YOUR GOAL -> Return each record unchanged and drop the images.

--- SOURCE MATERIAL ---

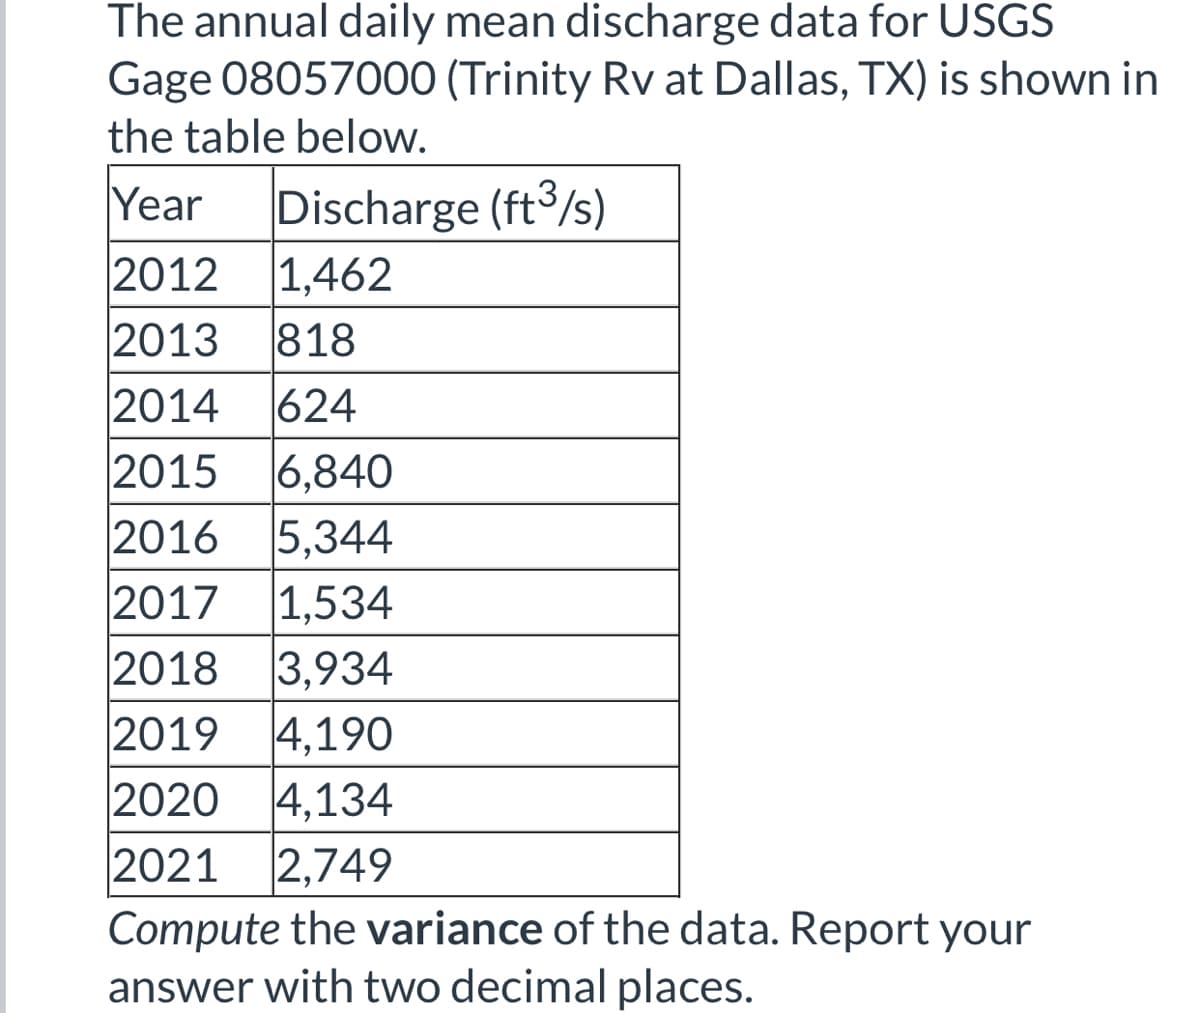 The annual daily mean discharge data for USGS
08057000 (Trinity Rv at Dallas, TX) is shown in
the table below.
Gage
Year Discharge (ft3/s)
2012 1,462
2013 818
2014 624
2015 6,840
2016 5,344
2017 1,534
2018 3,934
2019 4,190
2020 4,134
2021 2,749
Compute the variance of the data. Report your
answer with two decimal places.

---

SOLUTION FOR THIS TASK ->
 The annual daily mean discharge data for USGS
08057000 (Trinity Rv at Dallas, TX) is shown in
the table below.
Gage
Year Discharge (ft3/s)
2012 1,462
2013 818
2014 624
2015 6,840
2016 5,344
2017 1,534
2018 3,934
2019 4,190
2020 4,134
2021 2,749
Compute the variance of the data. Report your
answer with two decimal places.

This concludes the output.